I have said this before (and gotten argument here.. which is fine.. we don't need to agree). The majority of horses that are butt high as yearlings WILL be butt high as adult horses. They just do not even up that much MOST of the time (Most is not All). 

This is a good looking horse. Are you ground driving him yet? He is old enough for that and some long lining.


----------



## csimkunas6 (Apr 18, 2010)

Elana said:


> Weight is good. Bone is good. Over at the knee is not an issue at the amount he is (just a looks thing, not an unsoundness).
> He is standing over a bit more ground than a few months ago. He is a bit sickle hocked and the rest you have noted. He has a fairly nice shoulder.. a bit steep. What is that around his right hind ankle? Looks like he bunged himself up? Almost looks like a curb forming in his right hind hock in the last picture.
> 
> I have said this before (and gotten argument here.. which is fine.. we don't need to agree). The majority of horses that are butt high as yearlings WILL be butt high as adult horses. They just do not even up that much MOST of the time (Most is not All).
> ...



Right hind ankle is just some vet wrap, was on for probably about an hour before I decided just to take it off. Scraped himself a few months ago, that healed up, and he scraped himself again yesterday. As for a curb forming in his hind hock, could be, or could just be the angle. Trying to get good photos of him at the moment isnt too fun. 

Here are some other photos from today, didnt post them as I feel like they may do more harm than good:lol:

































Thanks for the crit!! Like hearing what other people see


----------



## csimkunas6 (Apr 18, 2010)

Not to bring back an old thread.....just wanted to share some more updated photos....


























I think hes looked the best yet in these pics here, in my opinion anyways...


----------



## LoveMyDrummerBoy (Nov 5, 2009)

I agree! I like him. All the things you stated before I agree with, so I am no help whatsoever. He is croup high, but so is my guy, and we do great!

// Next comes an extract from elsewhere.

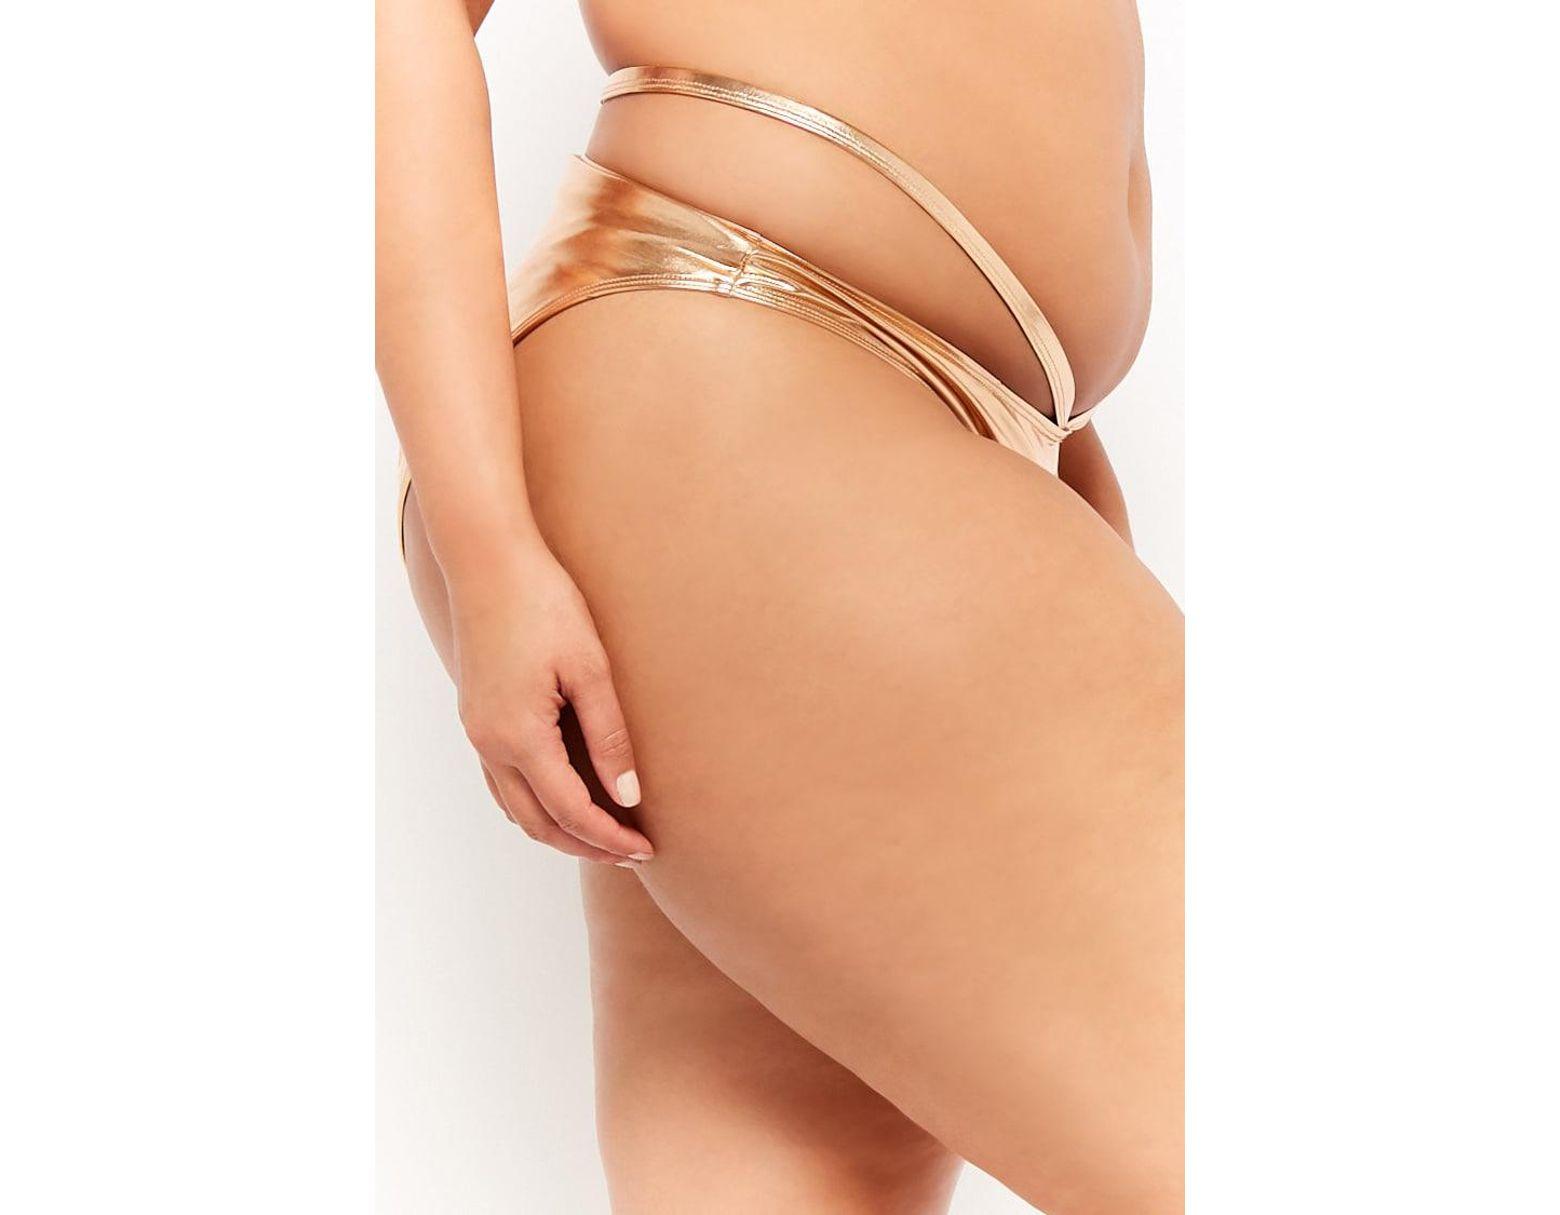 6cb51a75ba057 Forever 21 Women's Plus Size Metallic Strappy String Bikini Bottoms in  Metallic - Lyst

What are you planning on doing with him?


----------



## csimkunas6 (Apr 18, 2010)

LoveMyDrummerBoy said:


> I agree! I like him. All the things you stated before I agree with, so I am no help whatsoever. He is croup high, but so is my guy, and we do great!
> 
> What are you planning on doing with him?



Plan for him is for him to be my all around horse. Will mainly be a trail horse, but I like to mess around with both English and Western riding, so....would like to show him a bit as he gets older, dont expect to win much, just more for fun


----------



## Endiku (Dec 6, 2010)

Is this an almost-level horse I see? It can't be...


----------



## csimkunas6 (Apr 18, 2010)

Endiku said:


> Is this an almost-level horse I see? It can't be...



Hahah I know right!!! When I first saw this pic I couldnt believe it either, and to top it off, the ground is level where he was standing!! I think this is the most level he has been yet to be honest!


----------



## Elana (Jan 28, 2011)

Still butt high and more filled out. Stand by my original critique. Like the filling out.


----------



## csimkunas6 (Apr 18, 2010)

Elana said:


> Still butt high and more filled out. Stand by my original critique. Like the filling out.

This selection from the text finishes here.